Cloud Ops Senior Problem Manager

Engineering San Jose, California

Splunk Cloud is looking for a Senior Problem Manager to provide day-to-day leadership to our cloud operations center (CNOC) problem management team. This position is responsible for the Problem management process design and continuous service improvements as necessary to achieve the objectives of the business.



The Problem manager will lead the problem management team in the investigations from start to finish by facilitating root cause investigations and managing the implementation of corrective and preventative measures.

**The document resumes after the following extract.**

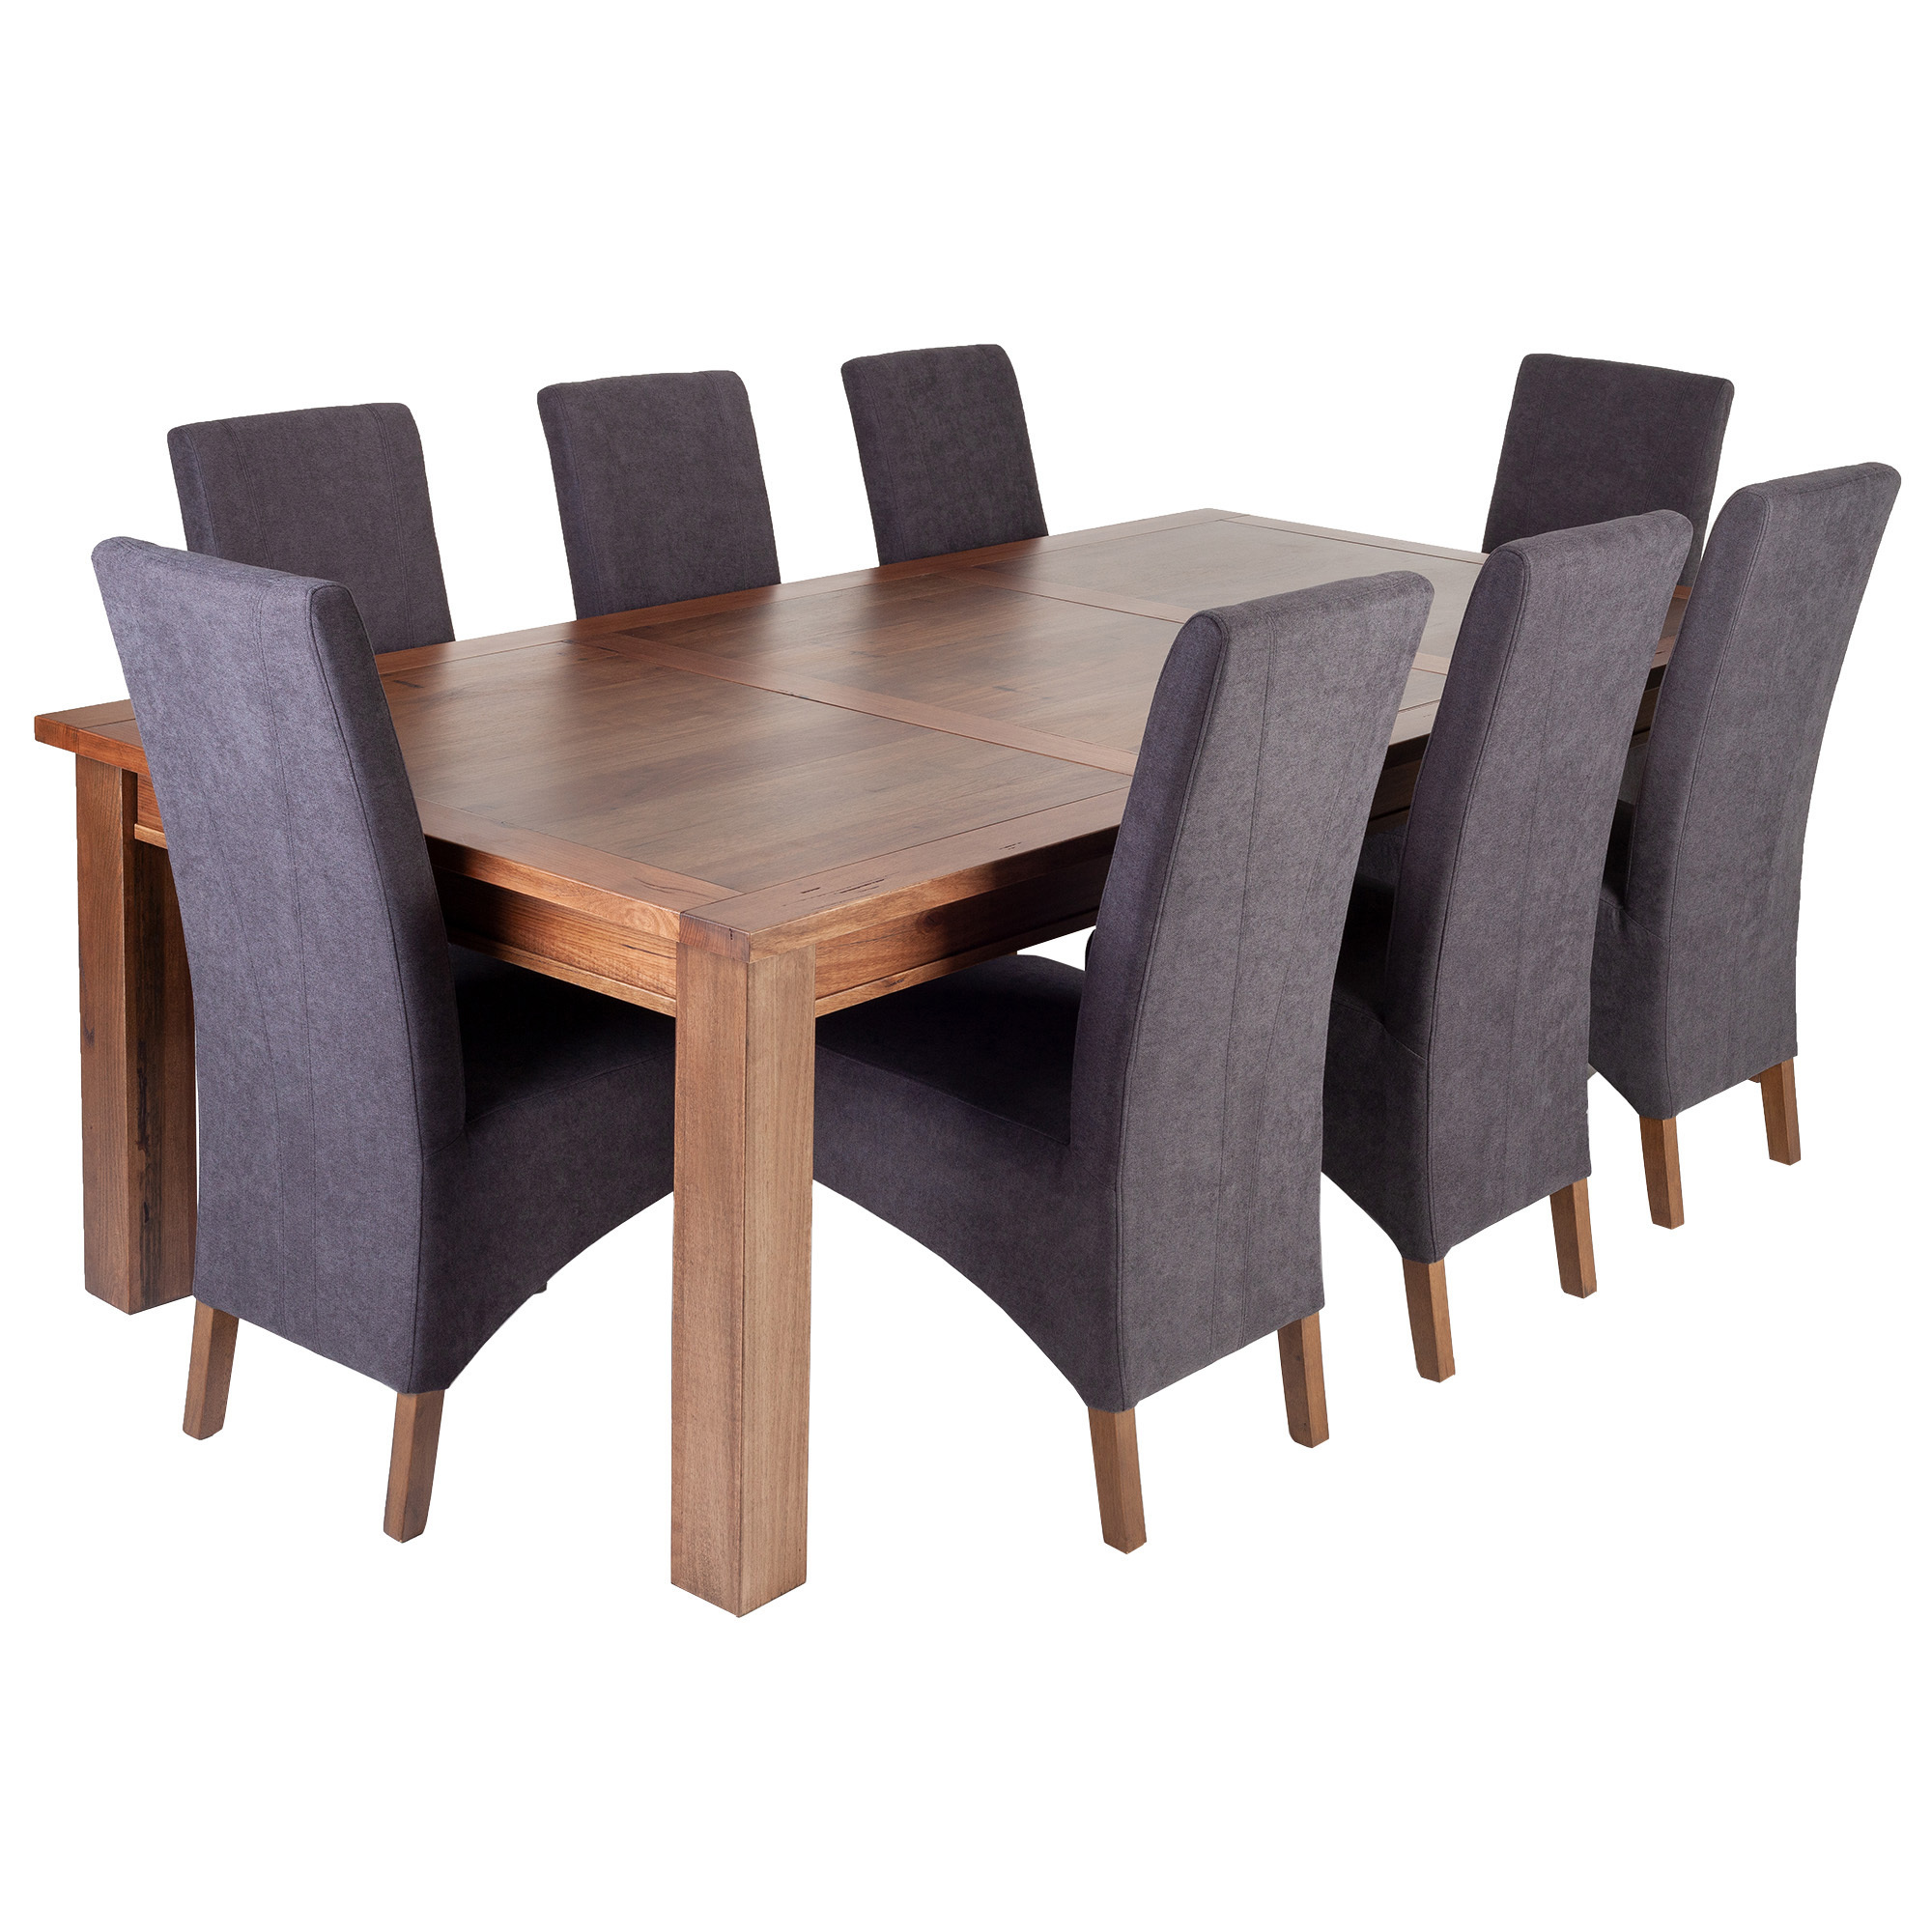 Natural with Grey Panana Wooden Dining Table Set With 2 Chairs in Choice of Colours Dining Room Furniture Set 
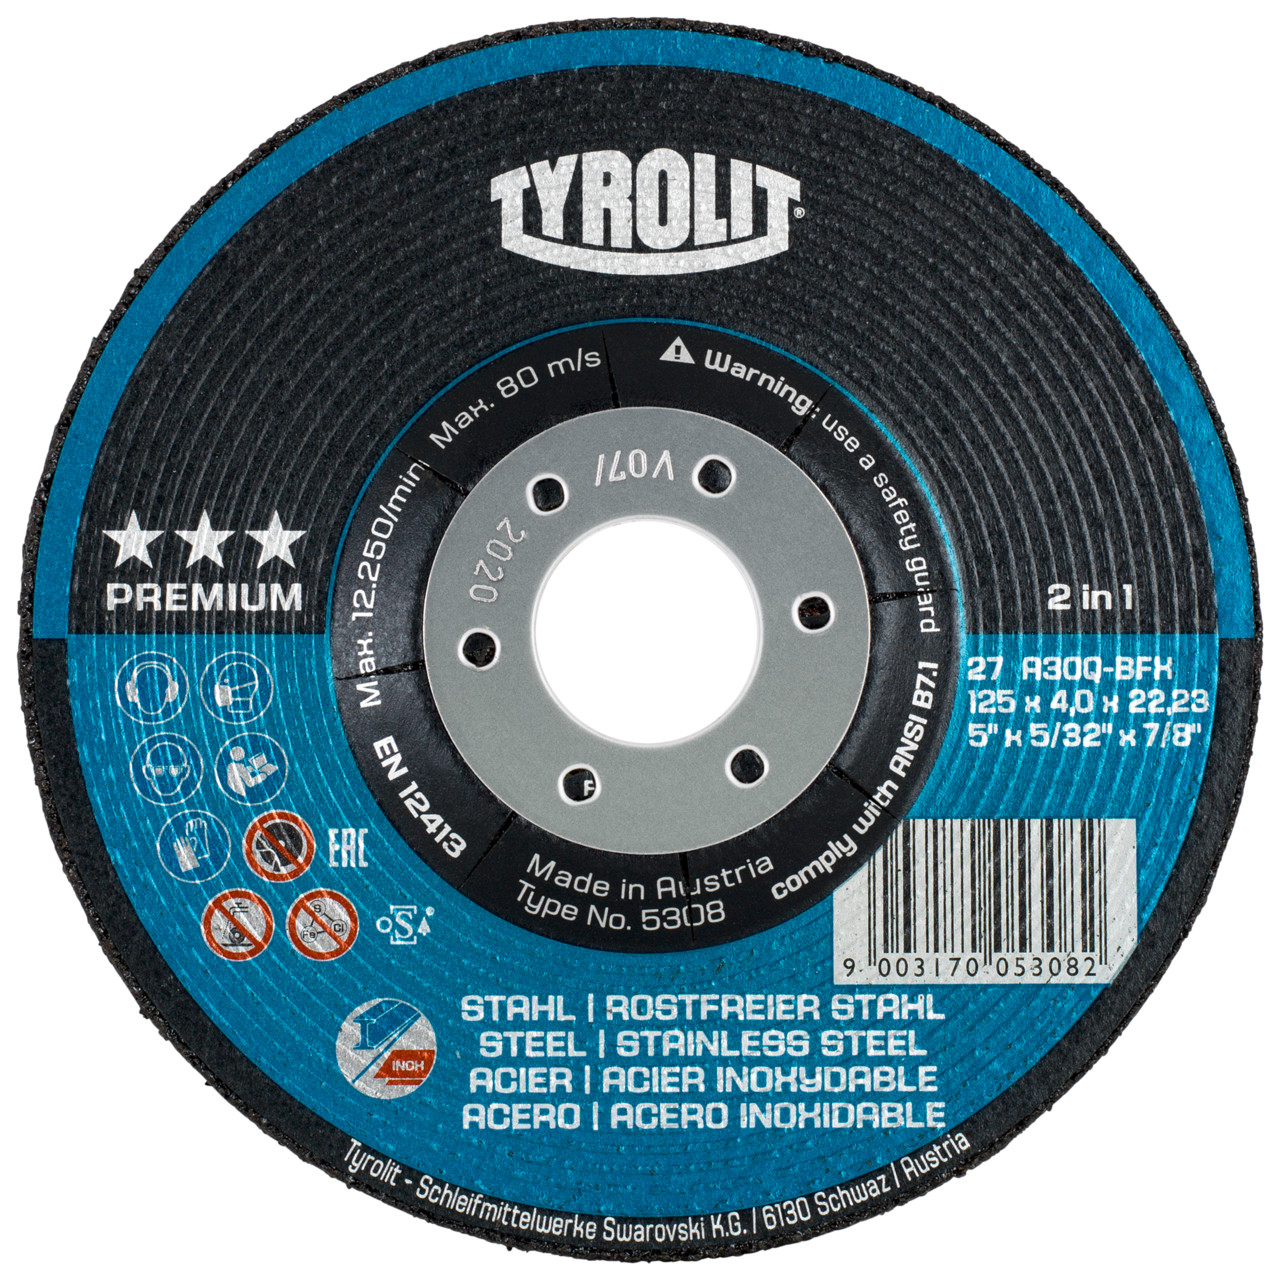 TYROLIT grinding wheel DxUxH 230x4x22.23 2in1 for steel and stainless steel, shape: 27 - offset version, Art. 5406

  • You will be working with Tier 1,2 & 3 support teams for Cloud Infrastructure to review, agree and implement permanent solutions for “Problem” records.
  • Drive efforts to improve overall infrastructure stability and availability by ensuring problem resolution.
  • Develop and monitor metrics and drive continues infrastructure improvement efforts across teams to achieve SLA & KPIs for Problem management.
  • Initiating actions to fix interruptions to service caused by errors/faults in the IS infrastructure
  • Production of statistics and reports to demonstrate the performance of the Problem Management process
  • Work with process owners and stakeholders to re-engineer processes to be simple, nimble, repeatable, measurable, achievable and continuously improved
  • Eliminate complexity in Technology's ability to deliver IT services, while meeting service level agreements
  • Suggest comprehensive metrics that can be actionable and promote positive behavioral changes; Baseline, improve and re-measure success. Work with the Metrics team to deliver them and use for continuous improvement
  • Manage relationships with other process management teams to provide a consistent delivery framework
  • Work with the requirements, documentation and training teams so processes are implemented in the tools, documented and process users trained in their use
  • Evangelize the virtues of problem management and create a collaborative environment
  • Proactively escalate problems and issues
  • Enhance knowledge of the field through participation in professional organizations and self-study



Who you are:


  • 2-4 years in hands-on manager position.
  • Deep understanding of Cloud (AWS, Azure, GCP).
  • ITIL Foundations Certified with at least one intermediate certification.  ITIL Expert certification a bonus
  • Good track record for innovation and measurable process improvements
  • Strong Technical Writing; Presentation and Communications skills across multiple levels of the organization, including senior management. Must be able to articulate messages across a variety of audiences and document a detailed meeting minutes for the daily Major Problem Management meetings.
  • Self-driven and ability to work independently
  • Have great degree of technical understanding and literacy
  • Collaborative with exceptional social and interpersonal skills.
  • Calm and collected in stressful situations, such as a major service outage.
  • Take charge personality, and the ability to drive a plan to completion.
  • Comfortable working in a dynamic environment with a highly technical team.
  • Demonstrated attention to detail, follow through, and ability to prioritize quickly are necessary.


We are an equal opportunity employer and value diversity at our company. We do not discriminate on the basis of race, religion, color, national origin, gender, sexual orientation, age, marital status, veteran status, or disability status.


Thank you for your interest in Splunk!